2. Vorbereitung und PlAting Primäre Neuronen auf EM-Grids

  1. Um primäre Neuronen ersten sezieren, trypsinize (mit 2,5% Trypsin) und verreiben, um die Platte hippocampi (oder Hinterwurzelganglien von 18 Tage alten Rattenembryonen) in einzelne Zellen zu distanzieren, wie zuvor beschrieben 19.
    1. Man reibt ist ein gebräuchlicher Begriff von Neurobiologen zur distanziert Klumpen von Zellen in einzelne Zellen zu beschreiben, vor allem durch die Verwendung einer Glaspipette mit einer feuerpolierten Spitze. Das Ergebnis wird durch vorsichtig und langsam Ziehen und Lösen der Zellen, oben und unten, mehrere Male (~ 30) durch die Pipette erreicht.
  2. Befolgen Sie die Anweisungen, wie zuvor für DRG-Dissektion und Zellisolierung 24 beschrieben, unter Hinweis auf 0,25% Trypsin (in HBSS) verwenden, um die Ratten-DRG-Neuronen isolieren, verwenden, anstatt die Enzyme vorgeschlagen (Papain, Kollagenase / Dispase), die besser geeignet sind für Maus DRG-Neuronen.
  3. Berechnen Sie die Anzahl der isolierten Neuronen (dh mit einer Zählkammer)und diesen Wert um das entsprechende Volumen der Zellen zu berechnen, die jedem Gericht beantragen, um eine Konzentration von 50.000 Zellen / ml pro Schale zu erreichen. Die maximale Lautstärke anzuwenden ist 250 ul. Beachten Sie, dass dies nur füllt den zentralen Glasfläche nicht die gesamte Schale.

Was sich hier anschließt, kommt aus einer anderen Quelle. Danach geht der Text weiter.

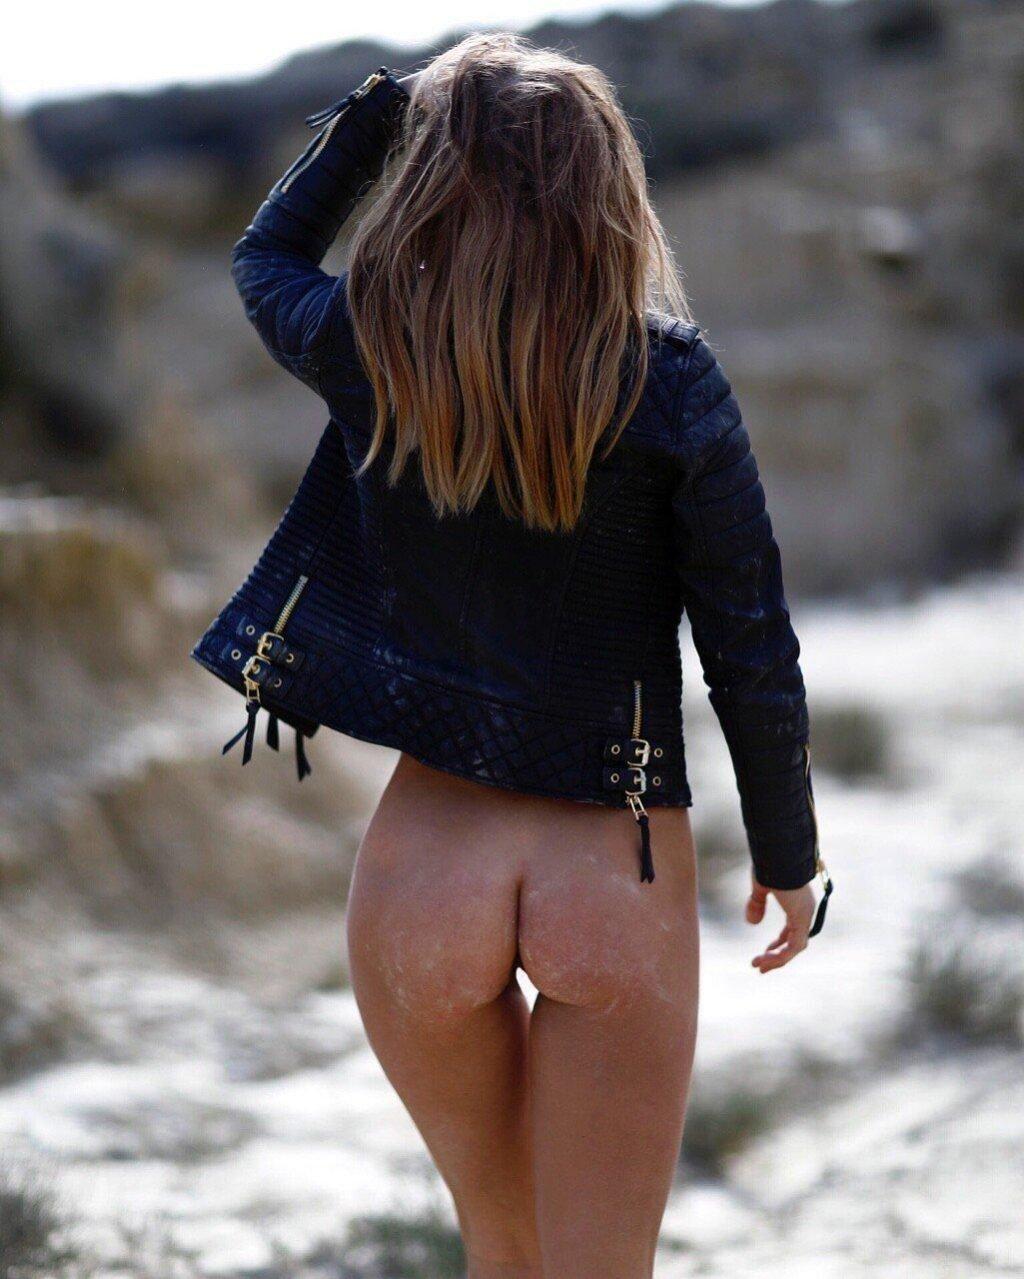 Marisa Papen Nude (28 Photos + Video)

  4. Geschirr für 30 Minuten in einem CO 2-Inkubator bei 37 ° C. Lassen Zellen sich zu erholen und zu halten.
  5. Langsam zu jedem Gericht hinzufügen 1,5 ml erwärmt Medien, kümmert sich nicht um die EM-Netz stören. Die Art der Medien hängt vom Zelltyp (Hippocampus-oder DRG).

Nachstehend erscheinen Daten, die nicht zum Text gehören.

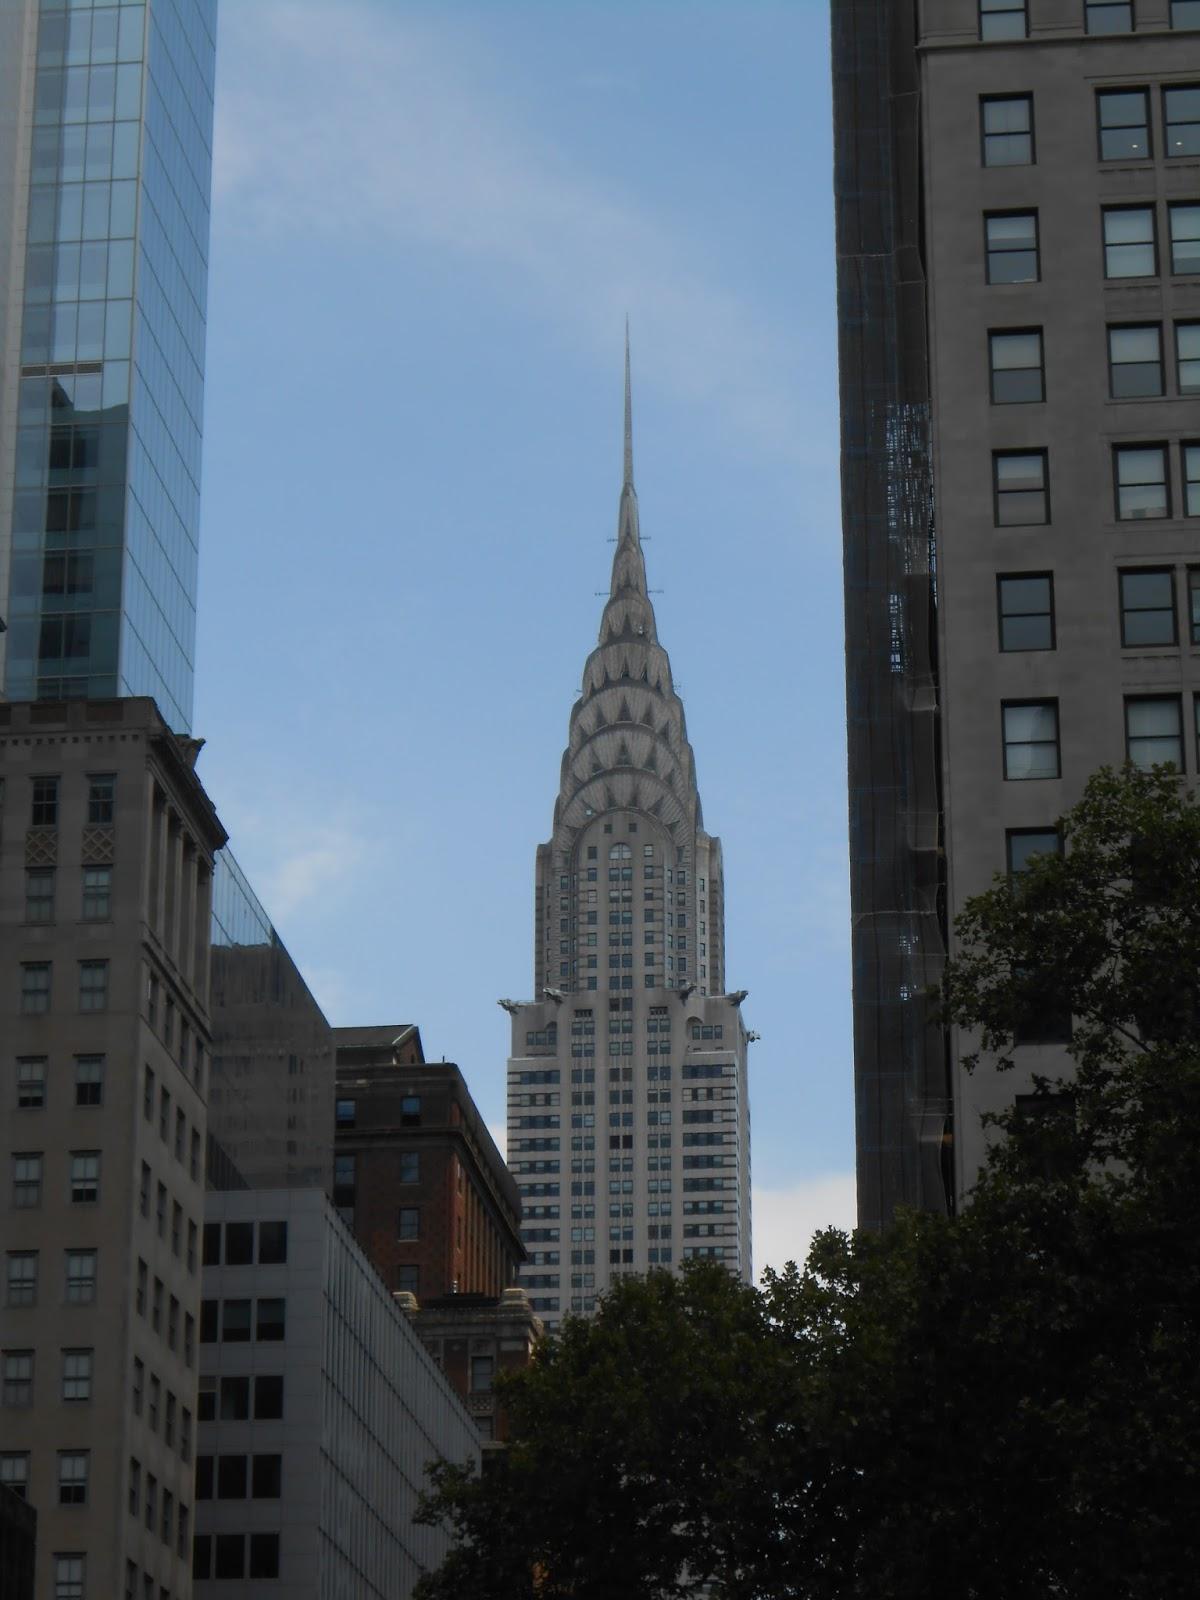 Aloha On My Mind: Aloha to RWA in NYC - A Stroll Up Fifth Avenue

    1. Die geeignete Medien für entweder 19 oder Hippokampus-Neuronen Hinterwurzelganglienneuronen 24, die in einem 37 ° C Wasserbad vor der Verwendung erwärmt werden. Das Geschirr über Nacht inkubieren im CO 2-Inkubator.
    2. Für Hippocampus-Neuronen, verändern die Medien am nächsten Tag. Ändern der Hälfte der Medien alle zwei Tage weiter für 14 Tage. Wärmen Sie die Medien in einem 37 ° C Wasserbad vor der Verwendung. Für DRG-Neuronen, dem Tag nach Dissektion / Beschichtung, eine frische Bestand an Medien mit einer anti-mitotische Mittel (Uridin und 5'-Fluoro-2'-desoxyuridin) einen 10 mM Stammlösung von jeweils getrennt, verwenden Sie eine endgültige Konzentration von 10 &mgr; M für jeden. Entfernen Sie die Hälfte des DRG-Medien (875 ul) und fügen Sie 875 ml frisches Medium mit der anti-mitotische Mittel.
      1. Für DRG-Neuronen, alle zwei Tage für die erste Woche, alternative verändernden Medien zwischen anti-mitotische Medien-und Standard-DRG-Medien. Für die zweite Woche, ändern Sie Standard-DRG-Medien alle zwei Tage.

3. Verglasen von Neuronen auf EM-Grids

  1. Bereiten Sie alle Geräte und Materialien für das Einfrieren und Lagern der Gold EM-Gitter bei tiefen Temperaturen: eine Verglasung Gerät mit einer feuchten Kammer 17, feinen Punktfach Pinzette zur Verglasung Maschine, lange flache Punkt Pinzette, Dewar (n) von flüssigem Stickstoff (LN 2) coolant Behälter, EM Grid-Storage-Box, Calcium-freier Filterpapier.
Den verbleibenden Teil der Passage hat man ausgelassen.